Location
- 180 Presque Isle Rd. Ashland, Aroostook, Maine 04732 United States 46°37′40″N 68°23′39″W﻿ / ﻿46.627823°N 68.394184°W

Information
- Type: Pre-K, Kindergarten, Elementary, Middle, and High School
- Opened: September 8, 2010
- Superintendent: Gehrig T. Johnson
- School number: MSAD 32
- Principal: Joel Hall
- Faculty: 56
- Grades: Pre-K-12
- Hours in school day: 6 hr 40 min
- Classrooms: 30
- Campus size: 87,000 sq ft (8,100 m^{2})
- Colors: Orange, black, and white
- Athletics conference: Class D
- Sports: Golf, soccer, basketball, cross country skiing, and baseball/softball
- Mascot: Hornet
- Team name: Hornets
- Accreditation: New England Association of Schools and Colleges
- Communities served: Ashland, Garfield Plantation, Masardis, Oxbow Plantation, and Portage Lake
- Website: www.sad32.org

= Ashland District School =

Ashland District School is located in Ashland, Maine, United States. It is part of Maine School Administrative District 32, or MSAD 32, which serves Ashland, Garfield Plantation, Masardis, Oxbow, Portage Lake, and Sheridan, Maine. There is a student population of approximately 320 from school grades Pre-K–12, with fifty-six faculty members as well as administrators, a counselor and three support personnel. The school had achieved accredited status with the New England Association of Schools and Colleges.
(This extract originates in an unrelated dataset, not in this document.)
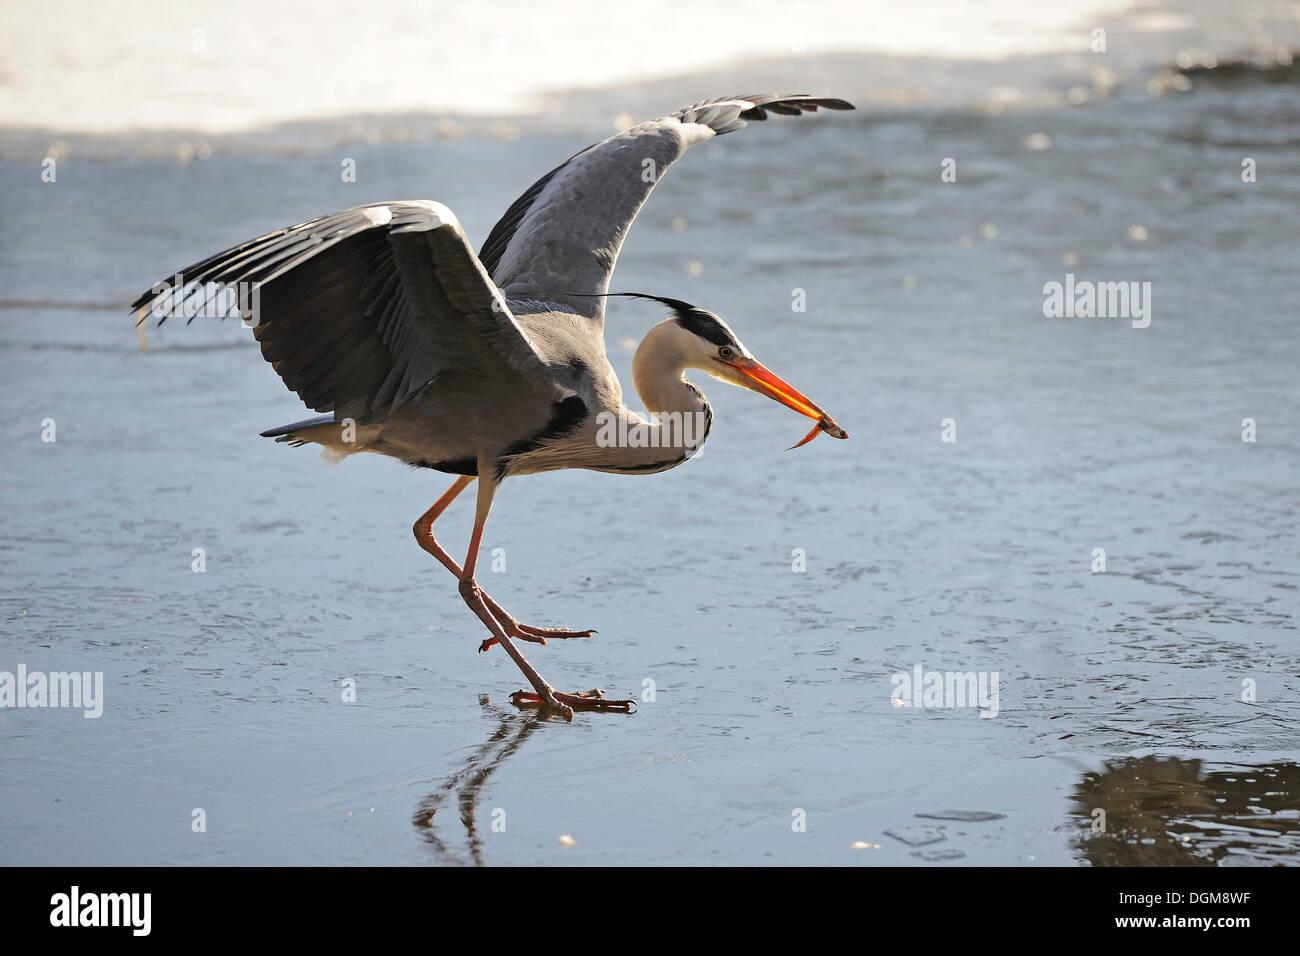 Grey Heron (Ardea cinerea) on thin ice with caught fish - Stock Image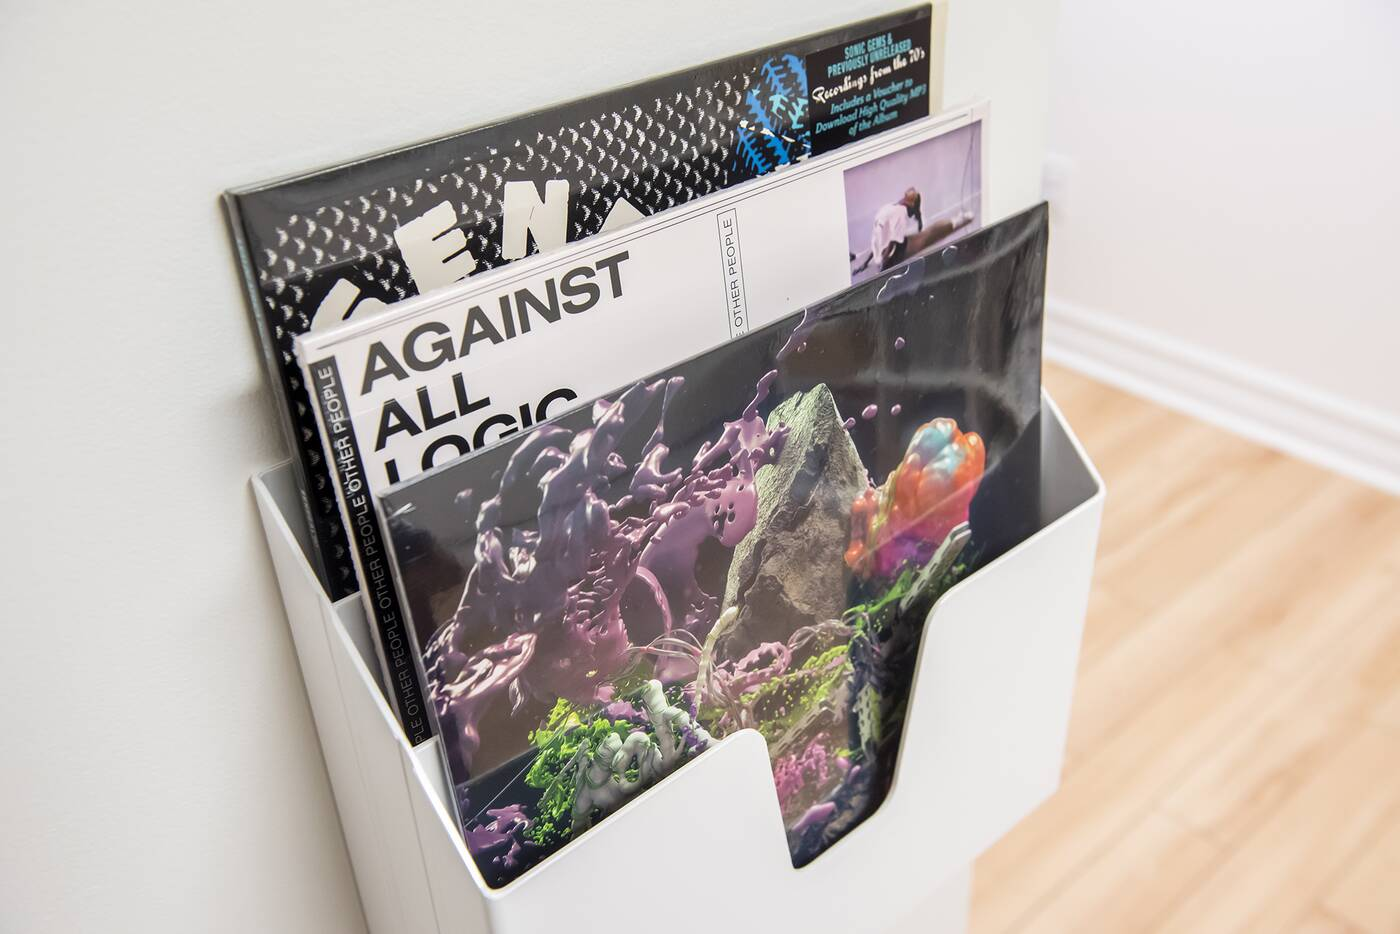 Big Shiny Records Toronto

Sports programs offered at Ashland District School include: baseball, basketball, cheering, cross country, golf, softball, and soccer. The school's teams are known as the Ashland Hornets.

==History==
Ashland District School was designed by Lewis & Malm Architecture of Bucksport, Maine, residing where the old soccer and baseball/softball fields used to be. Construction began on August 19, 2008, and completed just in time for the 2010–2011 school year. A public open house was held on September 1, 2010, and week later opened to students for the first day of school on September 8, 2010. The new lighted soccer and baseball/softball fields are adjacent to the school where the Ashland Community High School used to be.

==Catchment==
The Maine Department of Education takes responsibility for coordinating school assignments in the unorganized territory. The state assigns Oxbow to Ashland District School. When Oxbow was a plantation, it was directly under the School Administrative District 32.